Out of his breast pocket came a plastic envelope
filled with pure whiteness.
“This is not what we make. This is something better,” he said,
laying out a thin line on the polished teak surface.
She remembered the bloody story of one of her brothers
and how drugs sometimes didn’t sit so well.
“Not much,” she said, “I’m a bit of a lightweight.”
She inhaled a little,
felt the urge to change
surge up within.
She clenched her stomach to hold it down,
hoping that Tomas didn’t notice.
She felt
a few blades of fur poke out
from her lower back
but as she exhaled,
“Whooo!”
they discreetly receded.
She smiled wide
at Tomas.
He smiled too.
“Yeah, this is nice, really, thank you so much for everything.” She scootched closer.

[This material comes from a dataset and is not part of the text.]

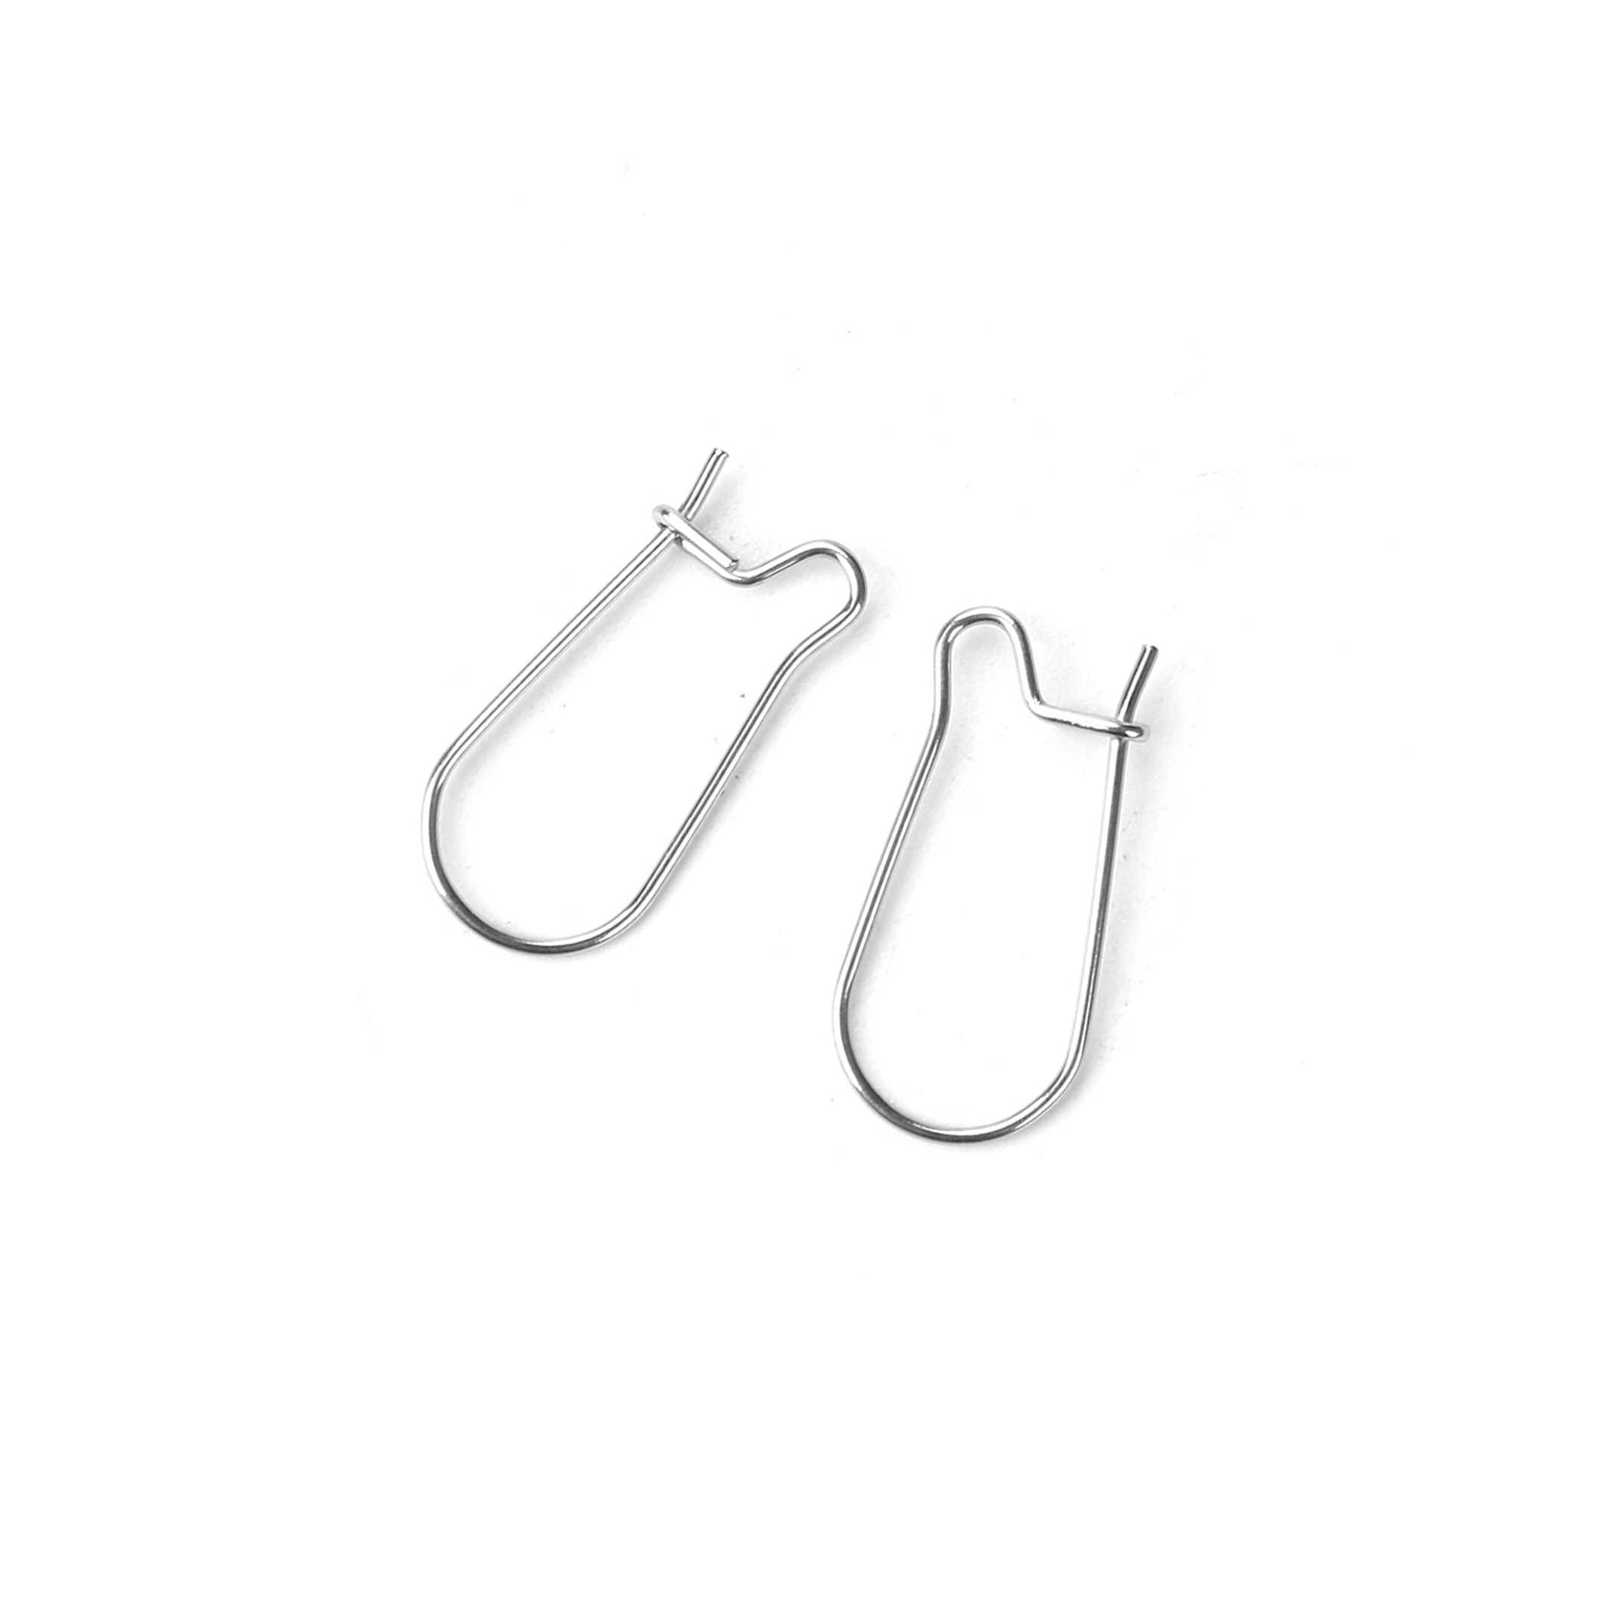 Stainless Steel Kidney Ear Wire Hooks, 48 Pack Earring Findings 3/4 Inch Long

She had never played this game before; she didn’t have a natural false face,
but he wasn’t reading her very carefully either,
his mind had already descended to what would come next.
He tucked his arm around her, pulled her close.

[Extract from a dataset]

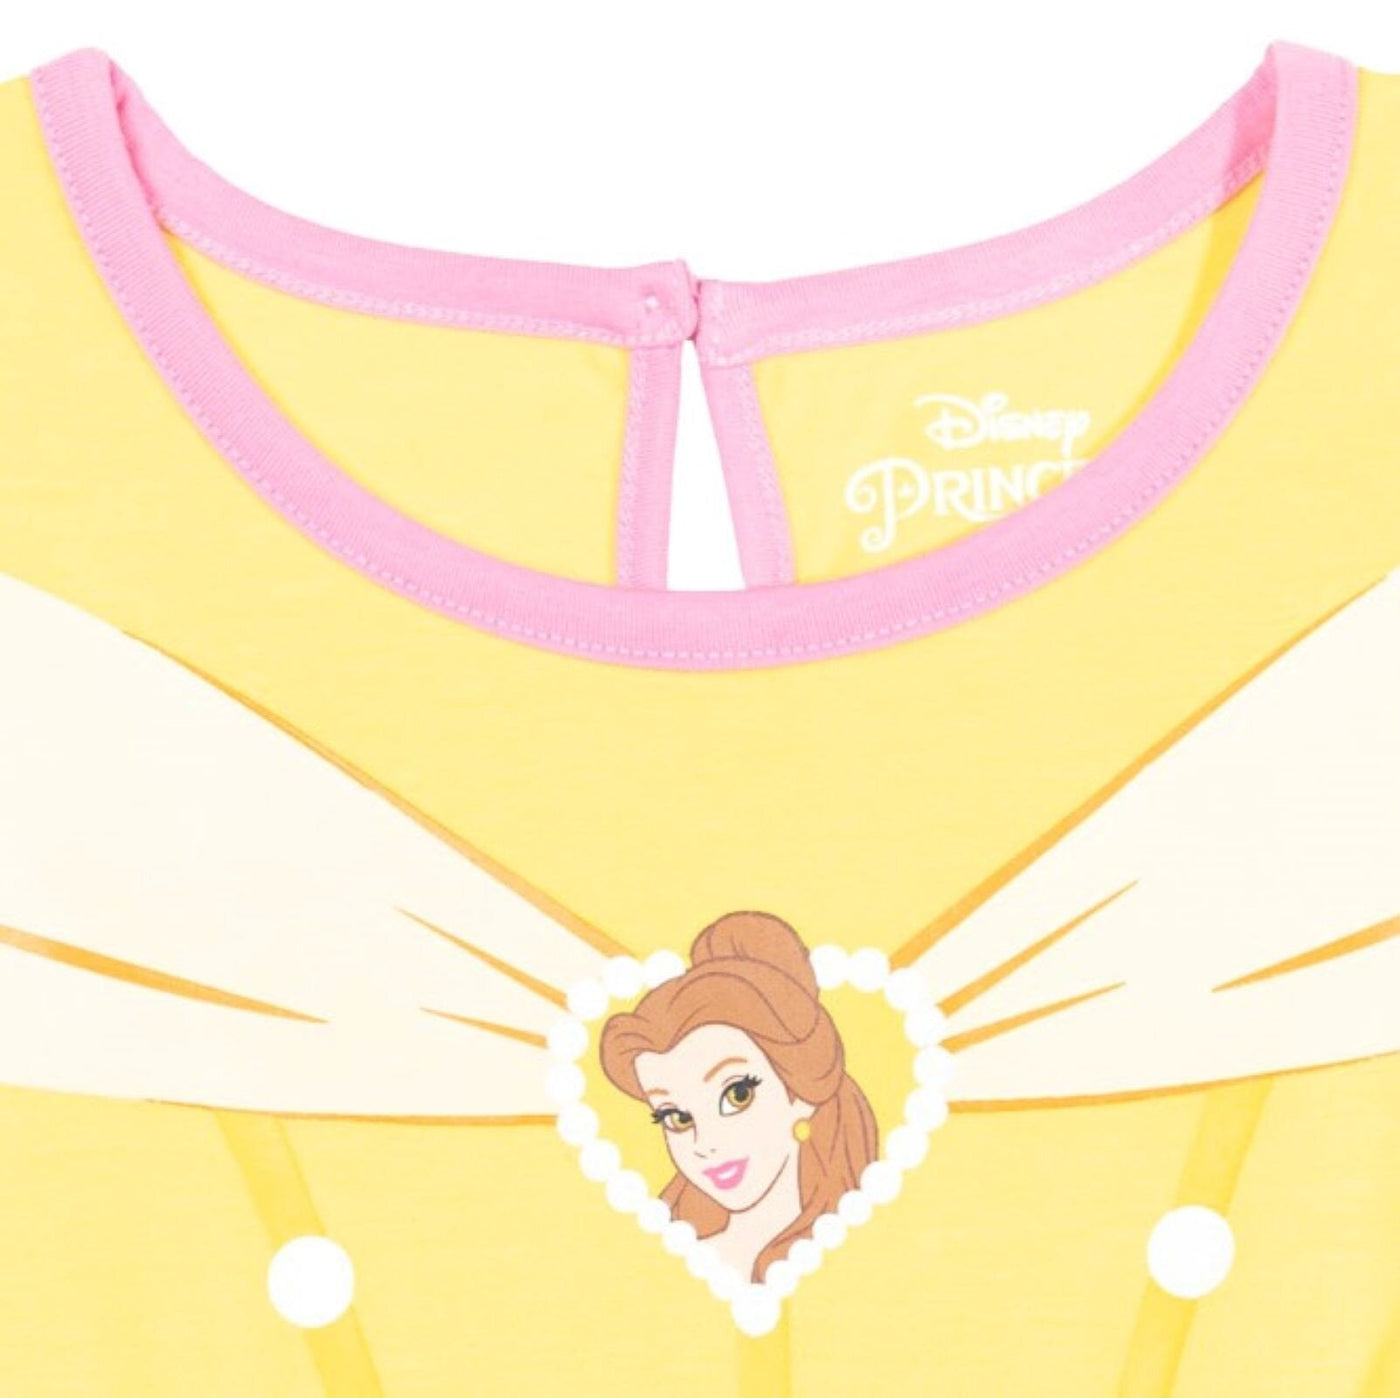 Disney Princess Belle Romper With Skirt Overlay - imagikids

Nobody is ever afraid of a beach girl.
Two nights later, she rose naked
from his bed.
Slipping across the room,
she quietly opened the bureau drawer.
Digging around, thinking
“Surely, surely…”
Annie’s hand found something metal.
Looking up at the dresser mirror,
she saw his shadow blearily rising from the bed.
“What are you—” were his final words.
The gun’s loud report
shook through the house.
Fucking idiot.
She heard footsteps and crouched down, still naked, waiting.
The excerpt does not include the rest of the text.